Moustapha Barry v. State of Indiana

CourtIndiana Court of Appeals
DecidedJanuary 26, 2012
Docket49A02-1105-CR-565
StatusUnpublished

This text of Moustapha Barry v. State of Indiana (Moustapha Barry v. State of Indiana) is published on Counsel Stack Legal Research, covering Indiana Court of Appeals primary law. Counsel Stack provides free access to over 12 million legal documents including statutes, case law, regulations, and constitutions.

Bluebook
Moustapha Barry v. State of Indiana, (Ind. Ct. App. 2012).

Opinion

Pursuant to Ind.Appellate Rule 65(D), this Memorandum Decision shall not be FILED Jan 26 2012, 9:23 am regarded as precedent or cited before any court except for the purpose of establishing the defense of res judicata, CLERK of the supreme court, collateral estoppel, or the law of the case. court of appeals and tax court

ATTORNEY FOR APPELLANT: ATTORNEYS FOR APPELLEE:

SWARAY E. CONTEH GREGORY F. ZOELLER The Law Office of Swaray Conteh, LLC Attorney General of Indiana Indianapolis, Indiana GEORGE P. SHERMAN Deputy Attorney General Indianapolis, Indiana

IN THE COURT OF APPEALS OF INDIANA

MOUSTAPHA BARRY, ) ) Appellant-Defendant, ) ) vs. ) No. 49A02-1105-CR-565 ) STATE OF INDIANA, ) ) Appellee-Plaintiff. )

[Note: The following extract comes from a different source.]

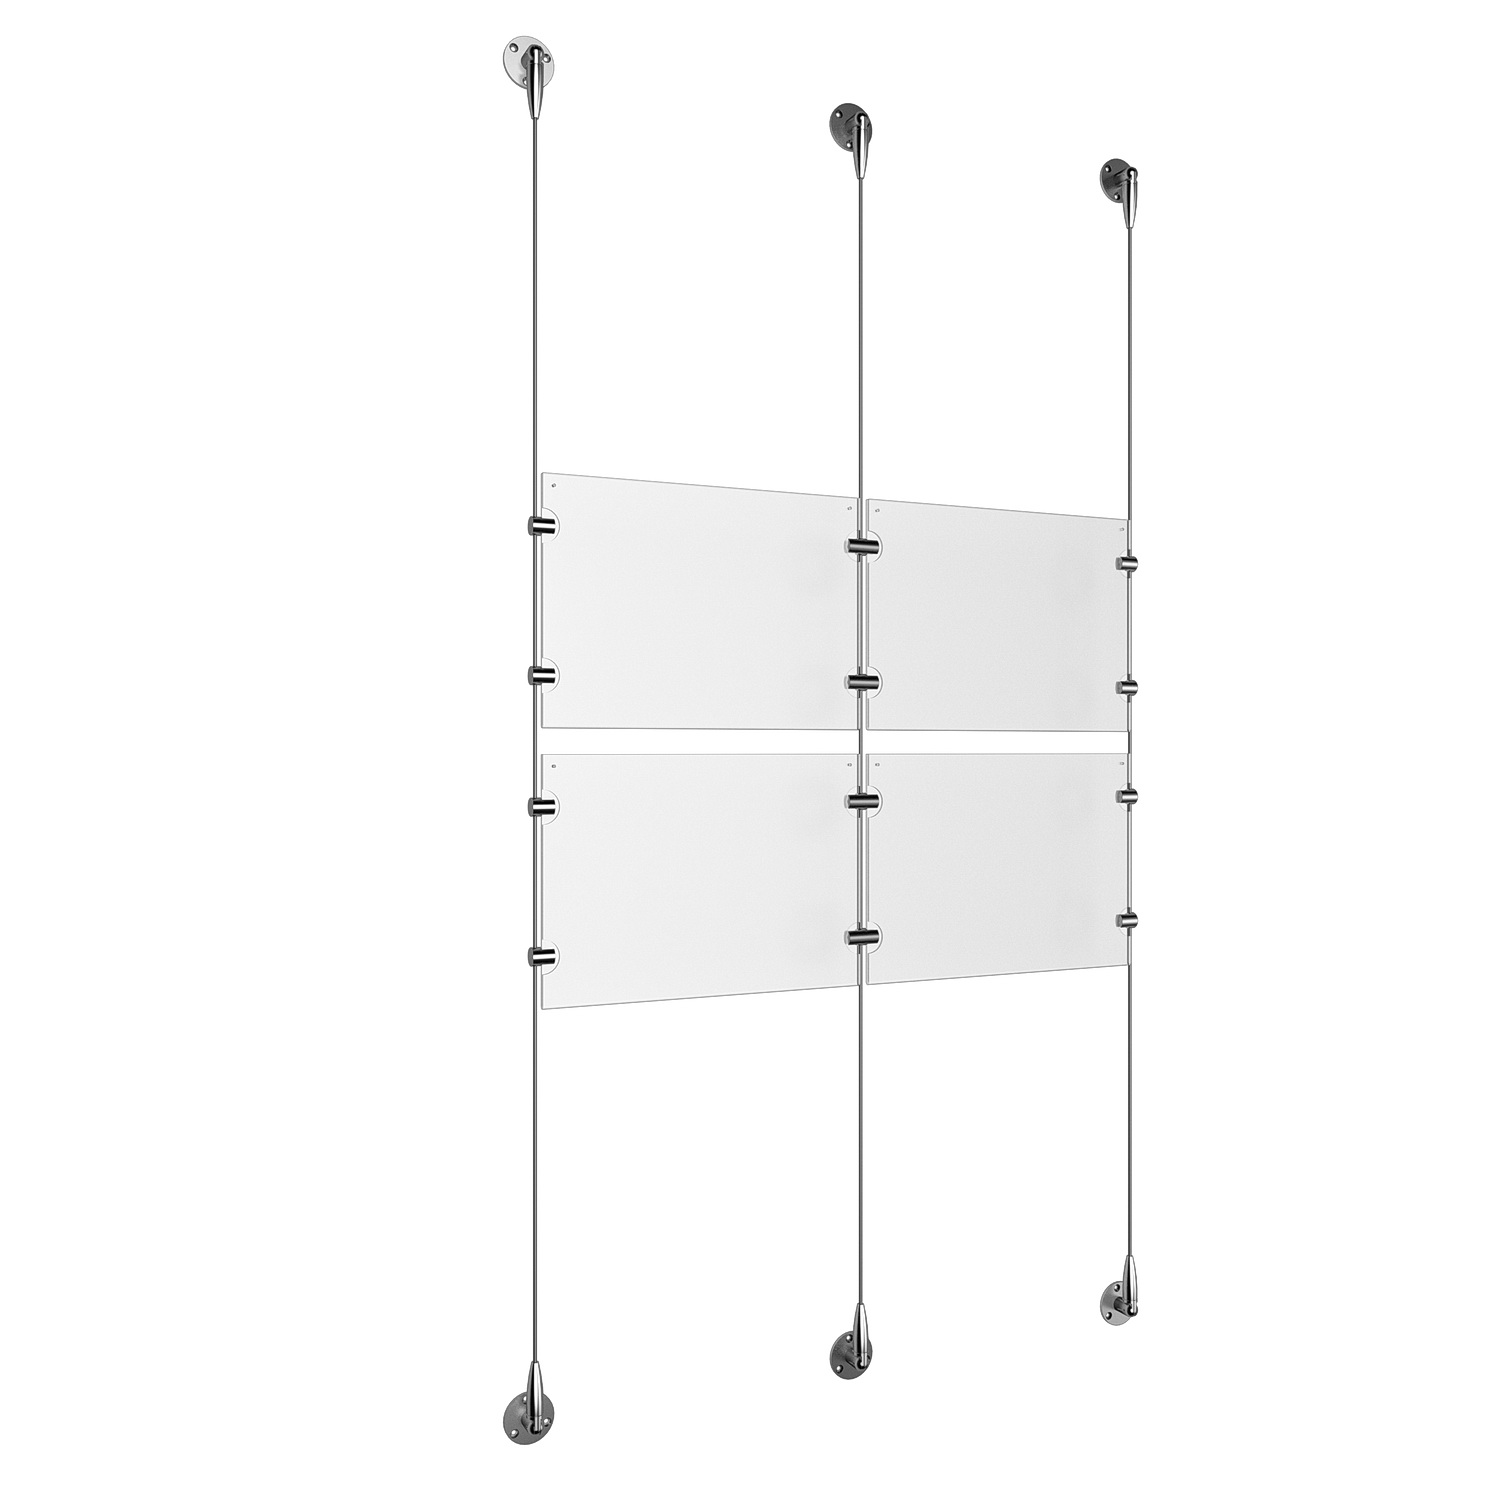 (4) 11'' Width x 8-1/2'' Height Clear Acrylic Frame & (3) Stainless Steel Satin Brushed Adjustable Angle Signature 1/8'' Cable Systems with (8) Single-Sided Panel Grippers (8) Double-Sided Panel Grippers

APPEAL FROM THE MARION SUPERIOR COURT The Honorable Steven Eichholtz, Judge The Honorable Peggy Ryan-Hart, Commissioner Cause No. 49G20-0911-FB-94666

January 26, 2012

MEMORANDUM DECISION - NOT FOR PUBLICATION

FRIEDLANDER, Judge Moustapha Barry appeals from his conviction and sentence for Dealing in Cocaine1 as

a class B felony. Barry presents the following restated issues for our review:

1. Was the evidence sufficient to support Barry’s conviction for dealing in cocaine?

2. Was there a variance between the proof and pleading on that charge, and if so, did that error constitute fundamental error?

3. Was Barry’s sentence inappropriate in light of the nature of the offense and character of the offender?

We affirm.

On October 6, 2009, a confidential informant purchased cocaine from Barry and

Michael Hampton. The informant gave the cocaine to Indianapolis Police Detective Bradley

Thomas. Laboratory testing confirmed that the substance was cocaine. On November 12,

2009, the confidential informant purchased cocaine from Hampton while Barry was present.

Police officers obtained a search warrant for the house where the transactions took

place and served the warrant on the evening of November 12, 2009. Police recovered

cocaine, marijuana, and a gun from inside the home. Barry, Hampton, and Brandon Felix

were also inside the house. Barry and Hampton were in possession of identification cards

confirming their identities. Detective Jason Hart advised Barry of his rights and Barry

indicated that he understood. Barry then stated that he was at the house all the time. He

admitted that narcotics were being sold at the house, but that the narcotics belonged to

Hampton.

1 Ind. Code Ann. § 35-48-4-1 (West, Westlaw current through end of 2011 1st Reg. Sess.).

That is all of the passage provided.